Designing Services = Designing Businesses

In a feature-rich, constantly-on world, thoughtful service design gives organizations a unique opportunity to distinguish themselves from their competitors. Businesses are now innovating and redefining themselves based on their service in several key ways:

  • Improving routine services, like renewing a driver’s license or getting a cell phone plan. In the case of a driver’s license (where there’s no competition), delivering better service is good for everyone. In the case of a telecommunications provider, it can be the difference between retaining or losing a customer.
  • Totally overhauling an experience, such as Disney’s introduction of its MagicBand to park visitors. The MagicBand wrist band facilitates payment, placing orders, making restaurant reservations, entering your hotel, finding the rest of your party, and even delivering greetings from Disney characters who know you by name. The technology is one thing — but it’s the people and processes that make this all happen.
  • Revolutionizing an industry, like the way Airbnb and Uber reimagined accommodation and ride services by upending who provides the services, how they are acquired, and the interchange between providers and customers.
  • Going from product to service, like how Square provides small-business loans to customers using its point-of-sale solution, or the aircraft jet engine manufacturer Rolls Royce offers support services based on the fact that it’s already collecting usage data.

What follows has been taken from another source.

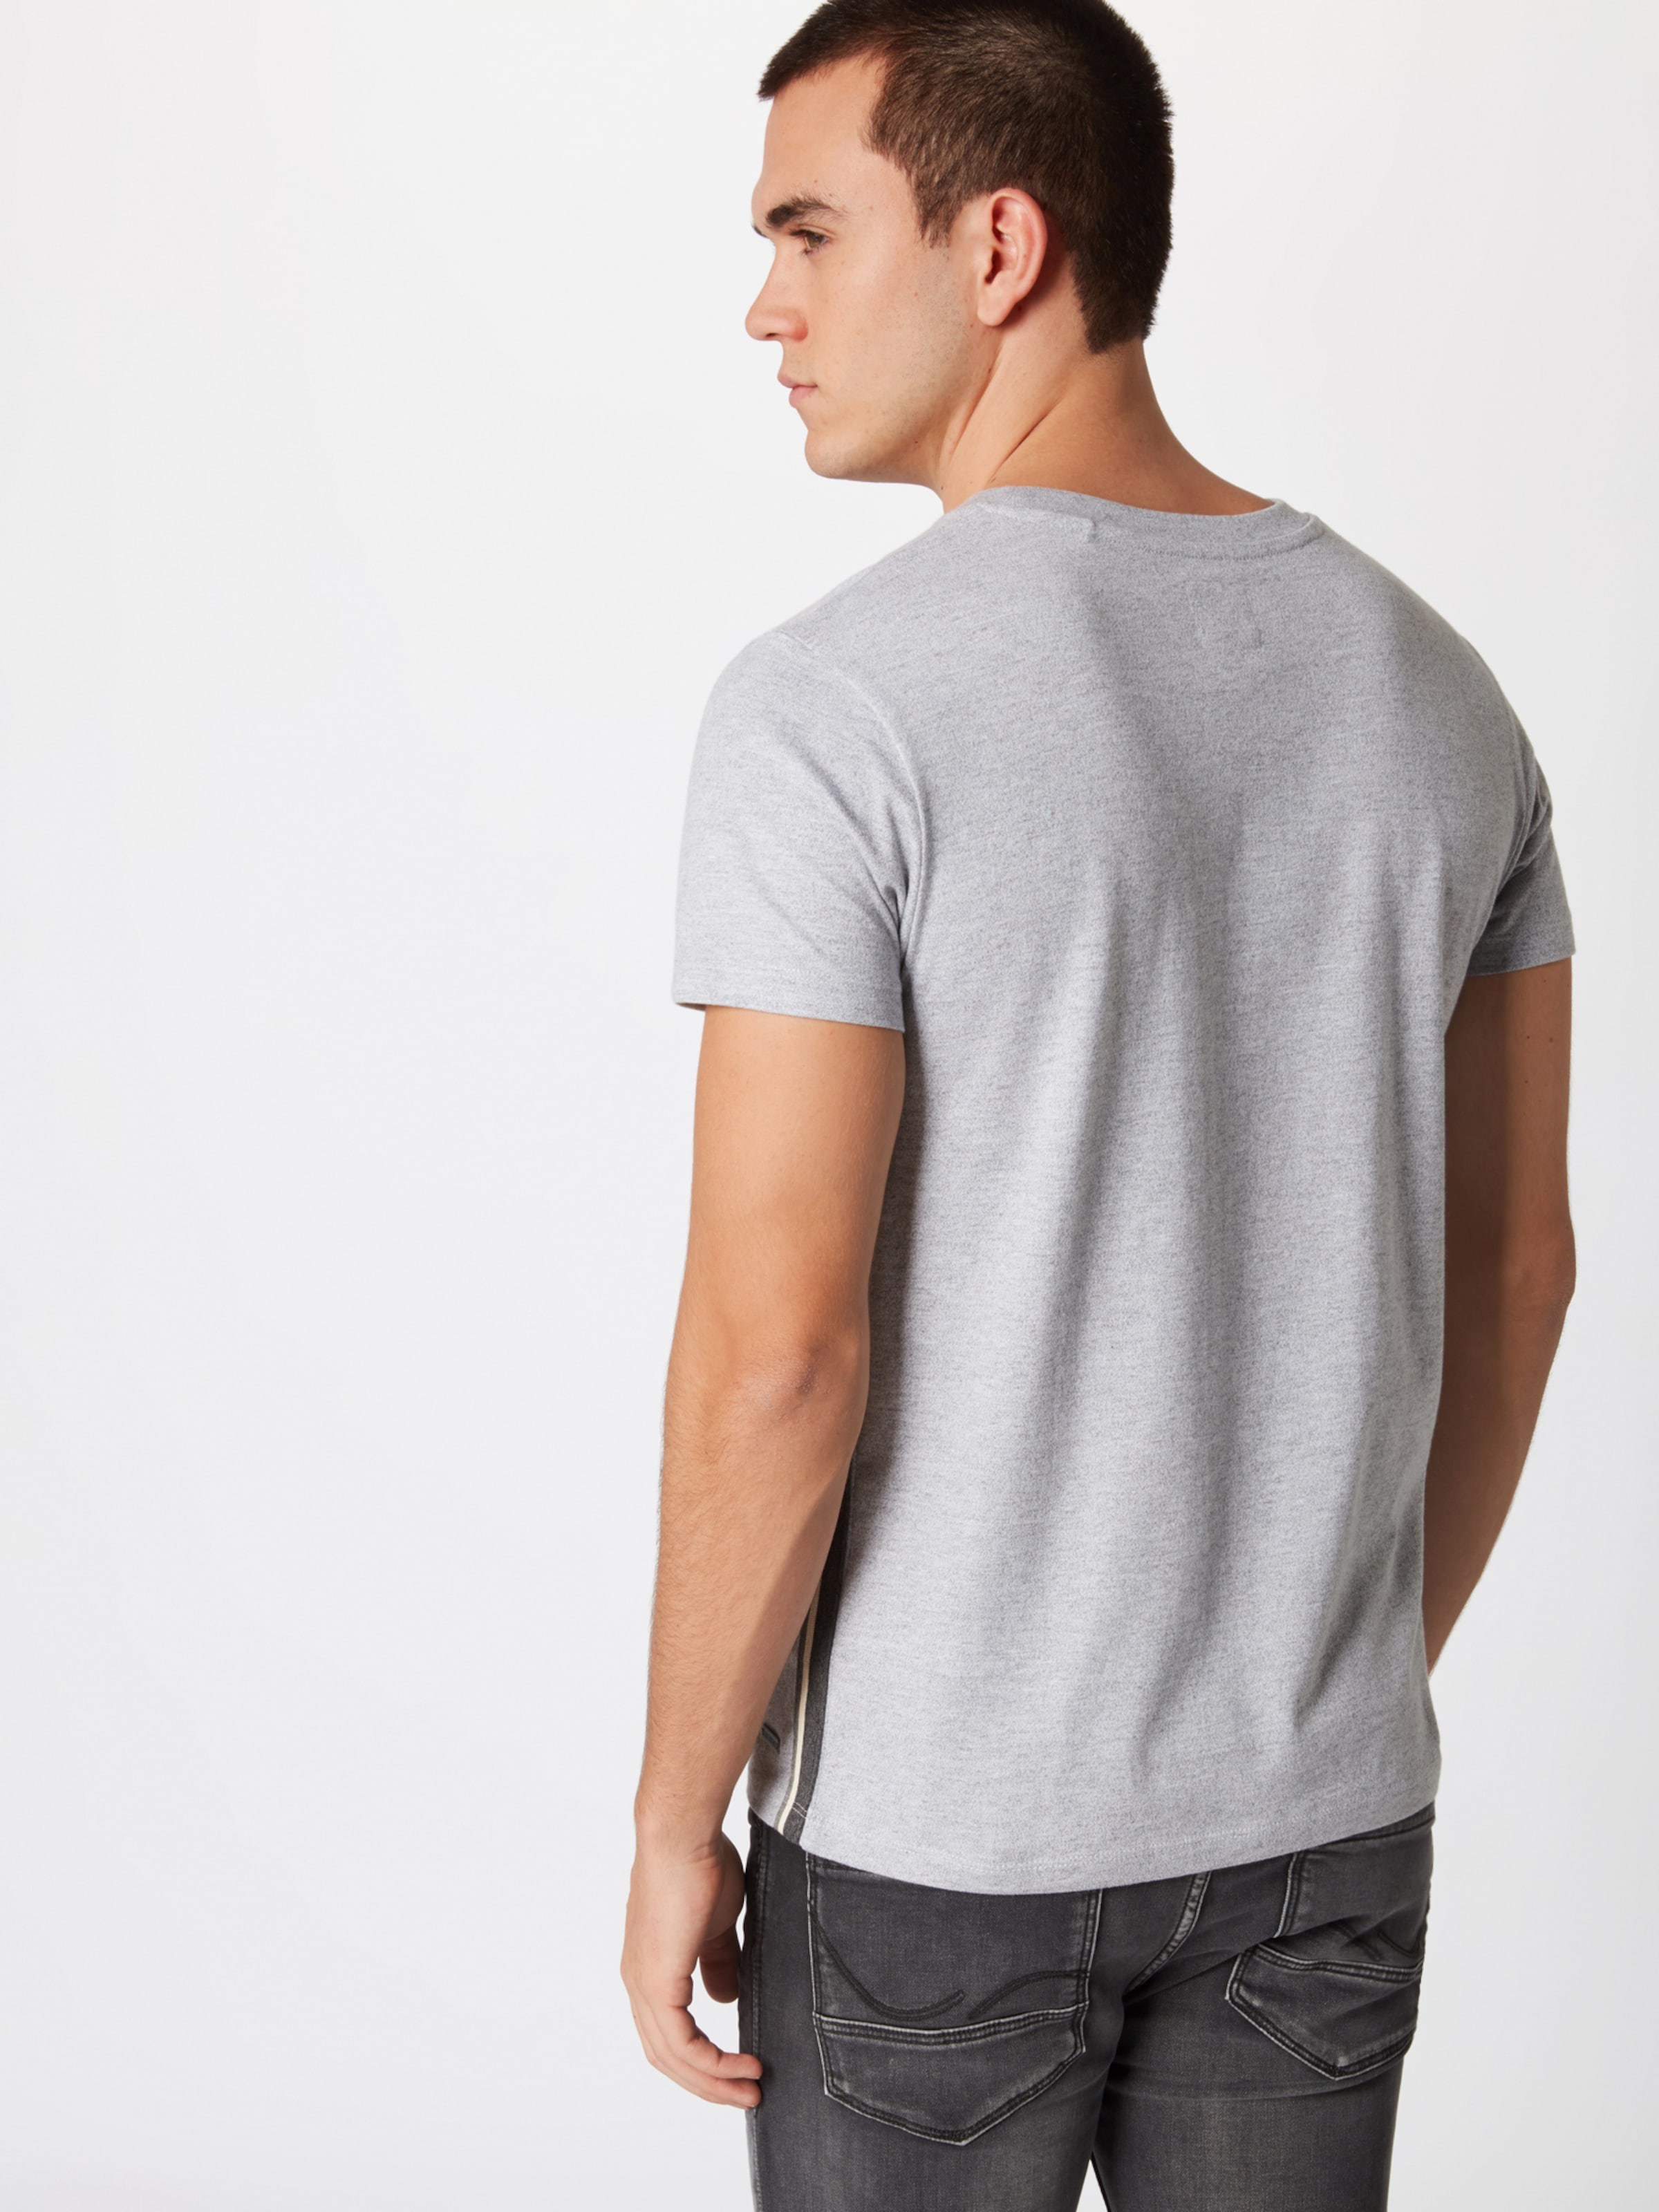 'sg 128cc2k026' Edc In Esprit By Shirt Grau Nm0wOnv8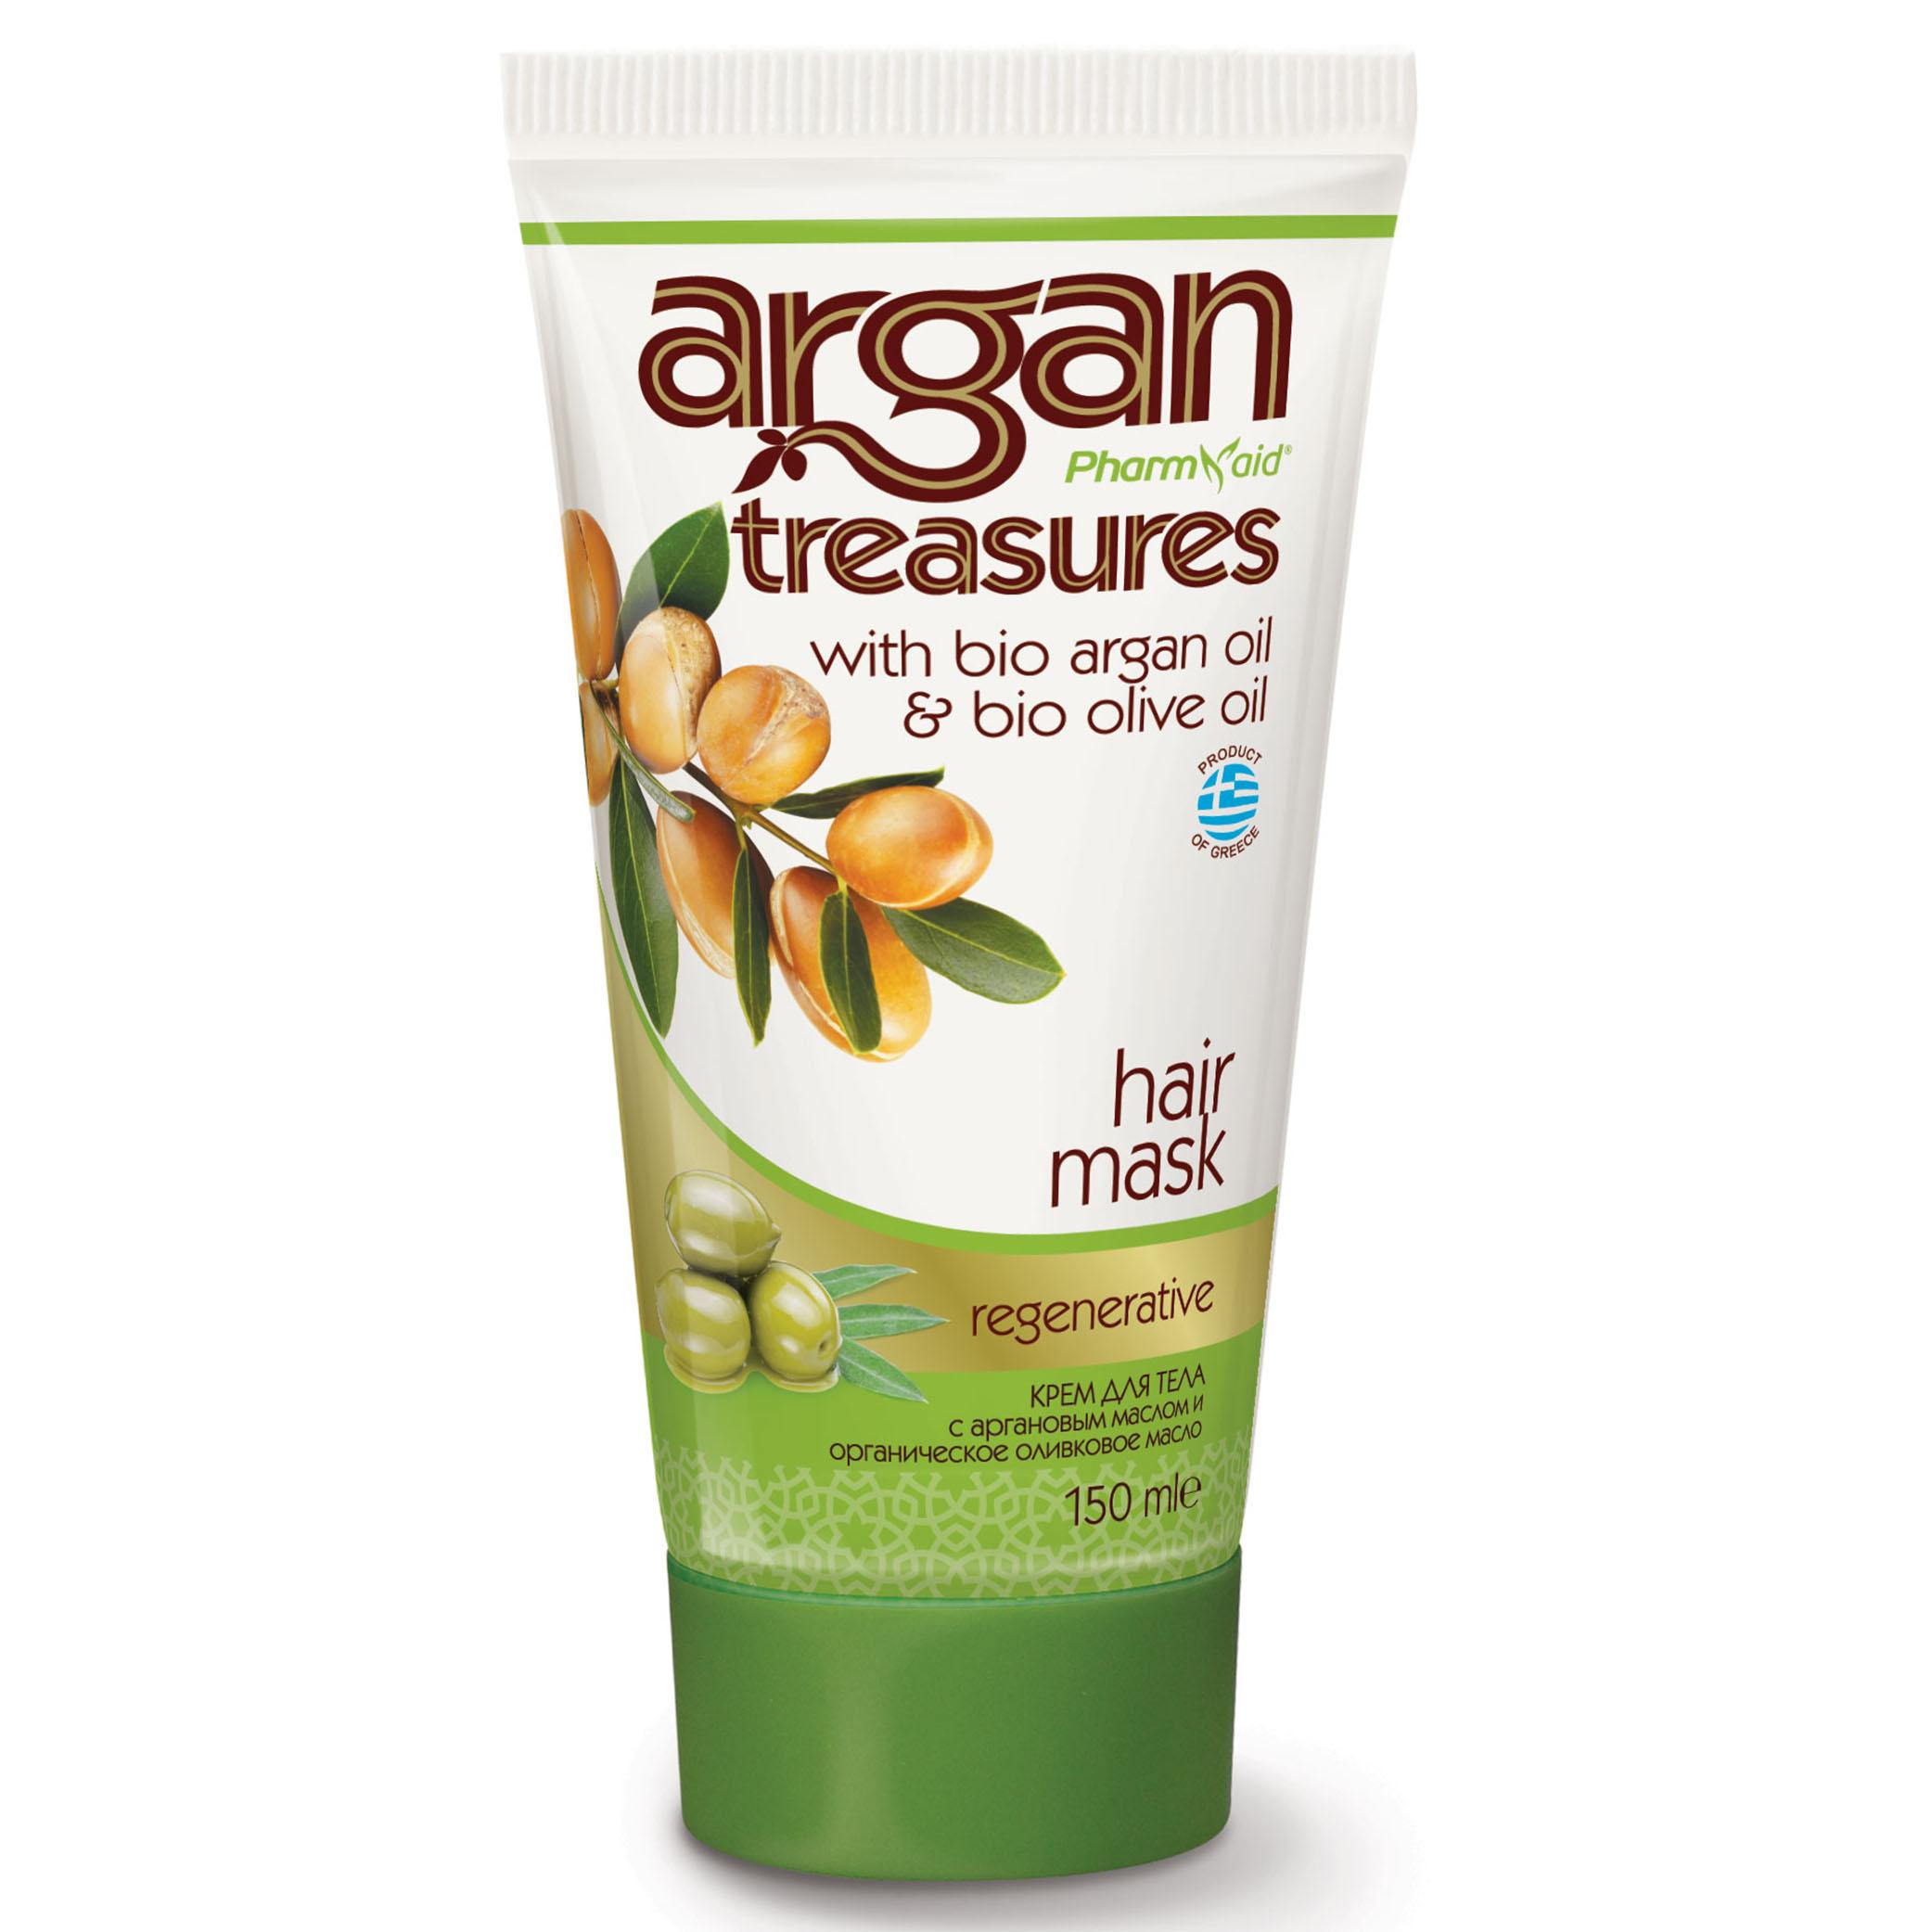 Pharmaid Argan Treasures Hair Mask All Types 150ml

How Do We Approach Service Design?

Service design requires big-picture thinking. This means not merely focusing on designing the particular products and tools used in the interchange between customers and service providers, but also understanding and optimizing how everything and everyone fits together — who does what, when and how they do it — to achieve a desired result. As service designers, we talk about the “line of visibility,” and study both the “onstage” activities (what the customer sees and hears) and the “backstage” activities (services, processes, and tools used behind the scenes), and we choreograph the interplay.

As illustrated in the figure below, when designing (or redesigning) a service, we take a top-down approach, starting by focusing on the desired experience, and from there considering the interactions, touchpoints, and procedures needed to create it. Armed with this knowledge, we are able to determine the best products and tools to use, and we design these to optimize the overall experience.

Service Design

To be successful, we must:

  • Have a clear understanding of the reason and demand for the service, and the ability of the provider to deliver.
  • Focus the design on customers’ needs, ensuring that the service will be valuable and efficient.
  • Treat “unusual” circumstances and typical situations as equally important in thinking out the requirements to accommodate them, as that’s when service often breaks down.
  • Design with input from users of the service, and collaboration with all relevant stakeholders providing the service.
  • Prototype the service before developing it in full.
  • Start with a minimum viable service (MVS), and use an iterative design process based on feedback and analysis to refine and add to the service.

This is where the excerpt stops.